If $\frac{(1-3p)}{2}$, $\frac{(1+4p)}{3}$, $\frac{(1+p)}{6}$ are the probabilities of three mutually exclusive and exhaustive events, then the set of all value of p is

• A. (0, 1)
• B. $(\frac{-1}{4},\frac{1}{3})$
• C. $(0,\frac{1}{3})$
• D. $(0,\infty )$

Answer 1

The correct option is B

$(\frac{-1}{4},\frac{1}{3})$

$P\left(A\right)=\frac{(1-3p)}{2}$

$P\left(B\right)=\frac{(1+4p)}{3}$

$P\left(C\right)=\frac{(1+p)}{6}$

The events are mutually exclusive and exhaustive.
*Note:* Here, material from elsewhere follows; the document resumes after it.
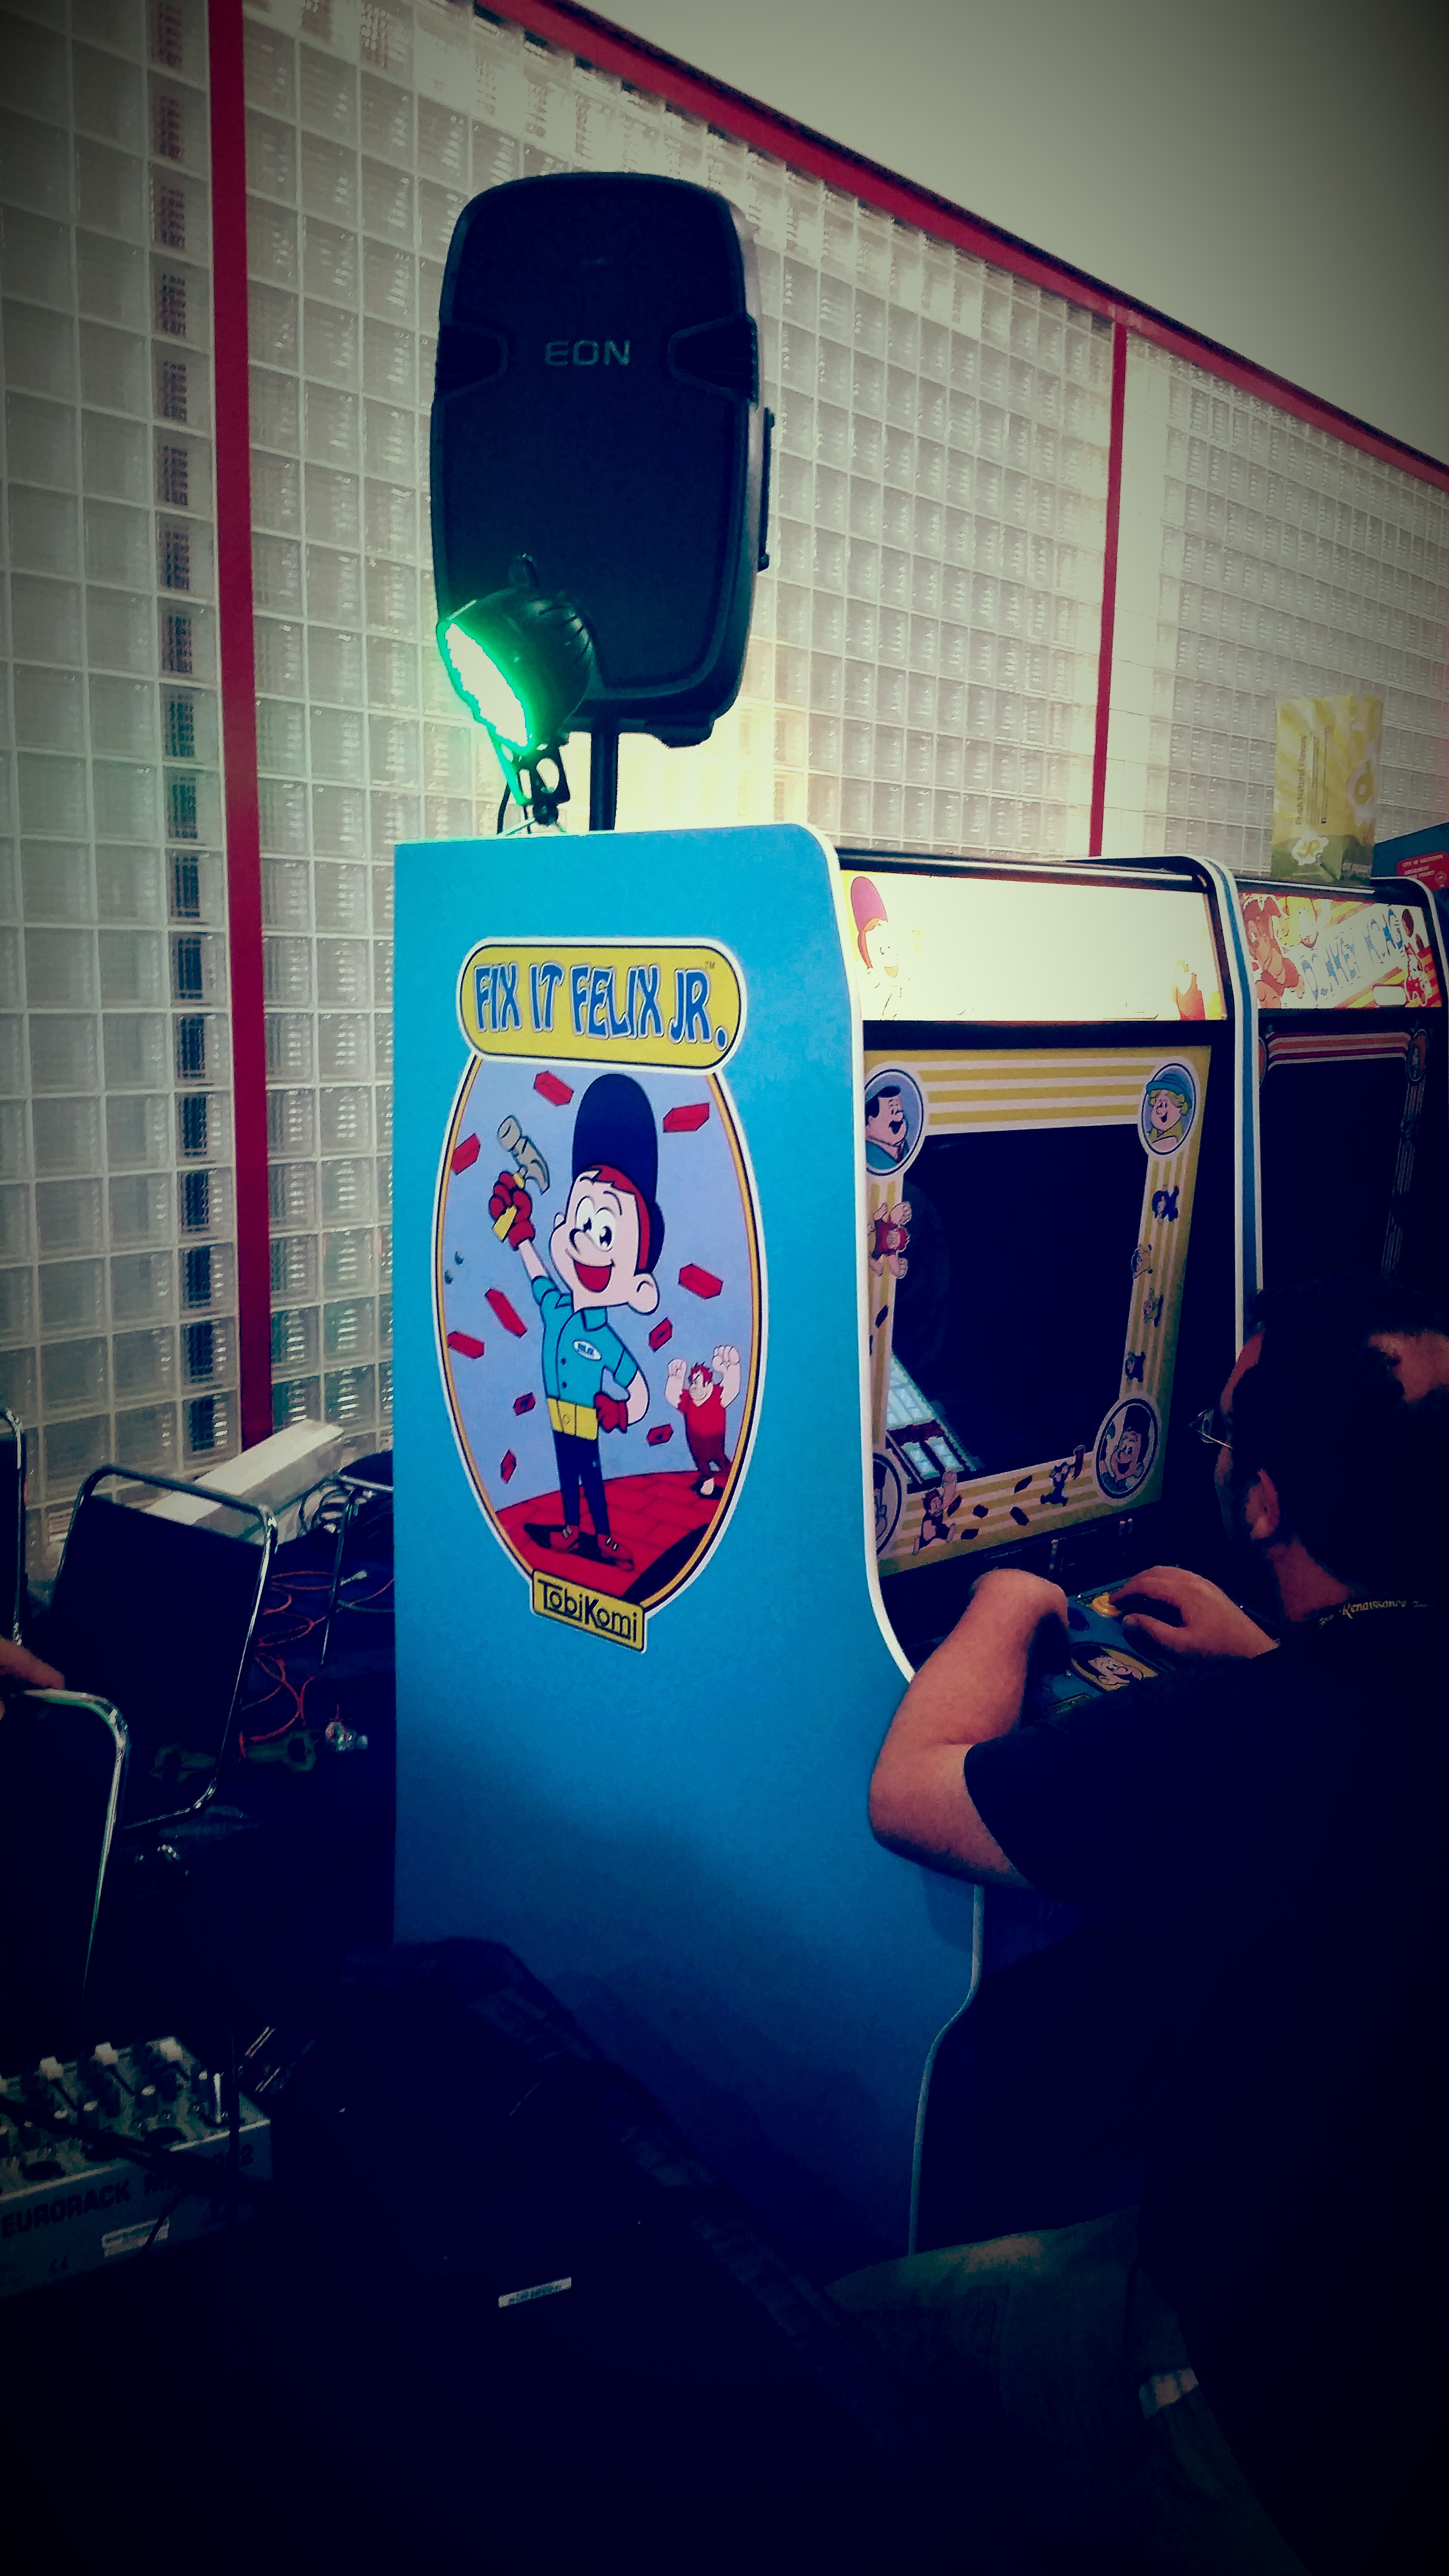 A fully functioning Fix It Felix Jr. arcade game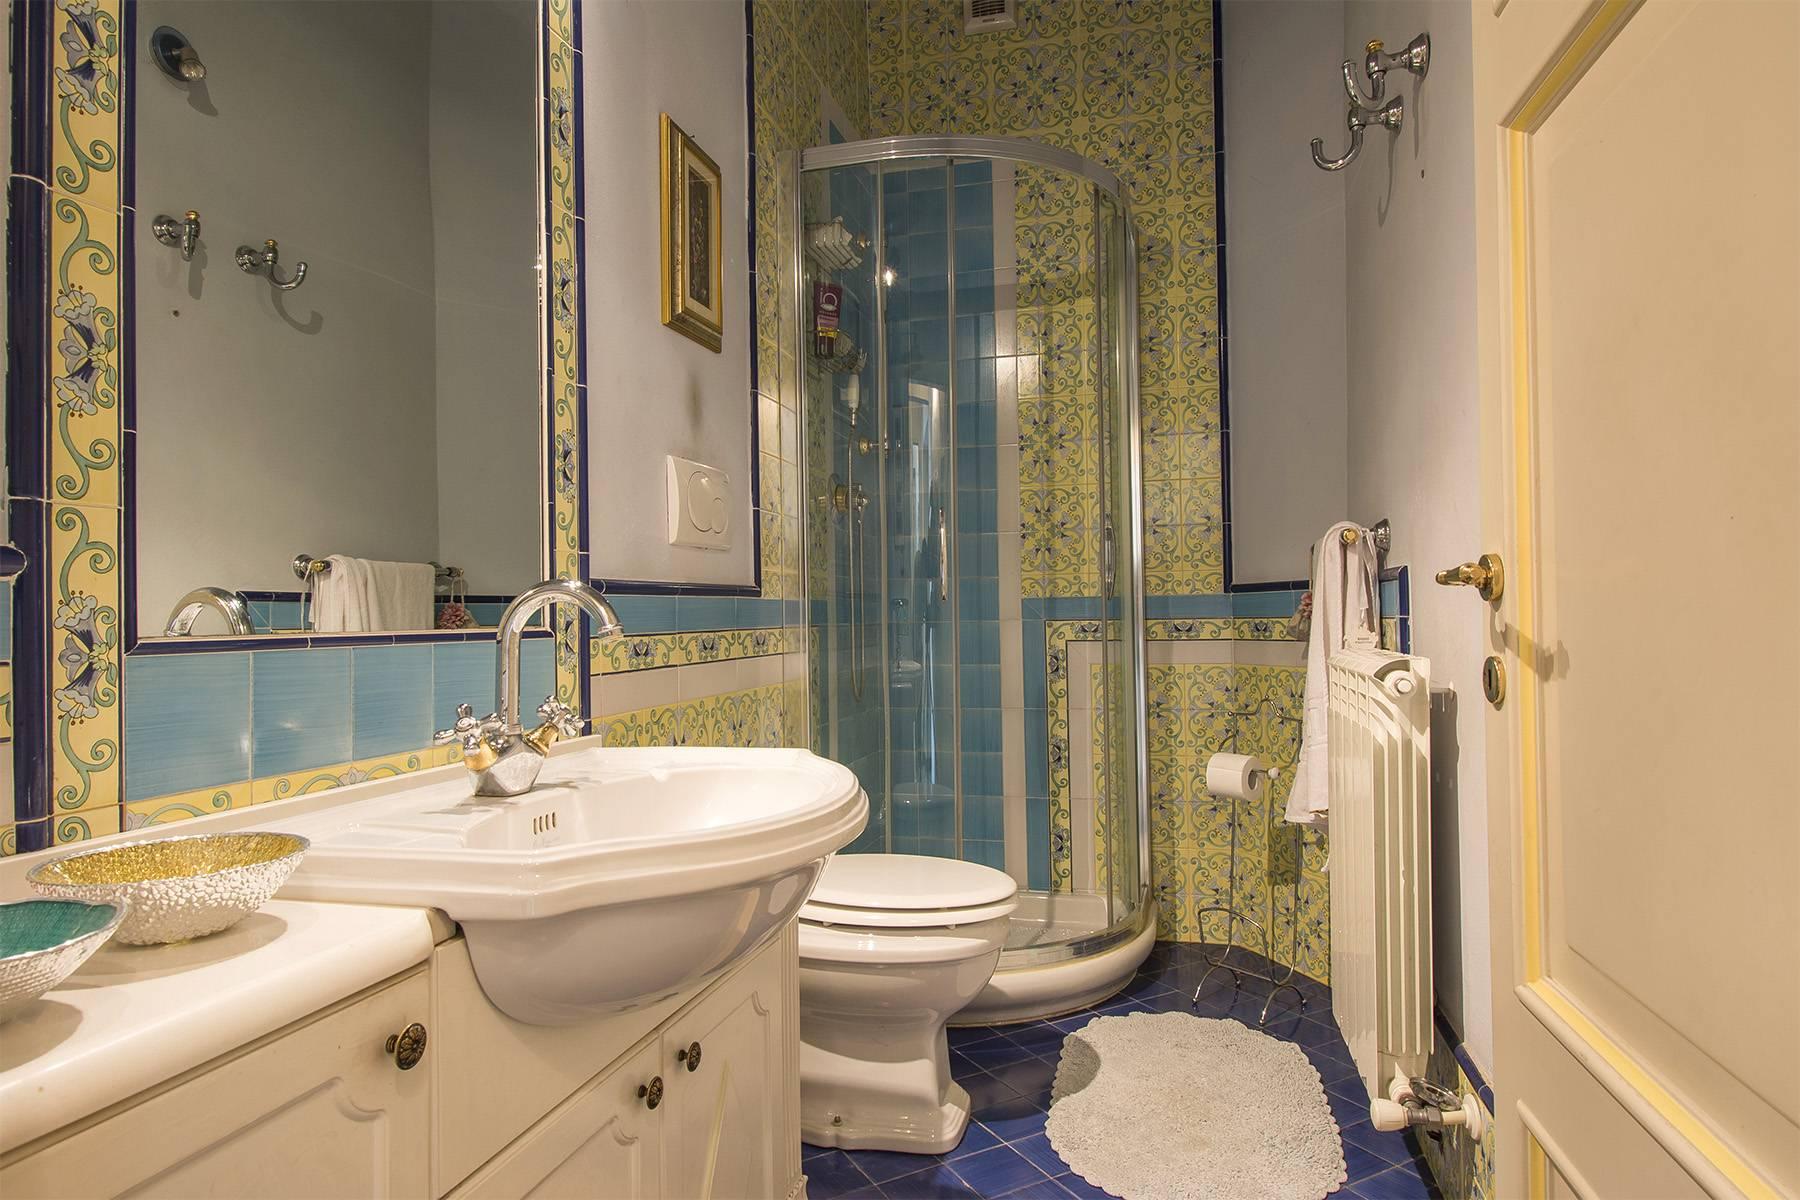 Villa in Vendita a Lucca: 5 locali, 350 mq - Foto 12

$\therefore P(A\cup B\cup C)=P\left(A\right)+P\left(B\right)+P\left(C\right)=1$

$\Rightarrow 0\le P\left(A\right)\le 1,0\le P\left(B\right)\le 1,0\le P\left(C\right)\le 1$

$\Rightarrow 0\le \frac{1-3p}{2}\le 1,0\le \frac{1+4p}{3}\le 1,0\le \frac{1+p}{6}\le 1$

$\Rightarrow \frac{-1}{3}\le p\le \frac{1}{3}$ ....... (i)

$\frac{-1}{4}\le p\le \frac{1}{2}$ ....... (ii)

and $-1\le p\le 5$ ....... (iii)

The common solution of (i), (ii) and (iii)

is $\frac{-1}{4}\le p\le \frac{1}{3}$

$\therefore$ The set of values of p are $(\frac{-1}{4},\frac{1}{3})$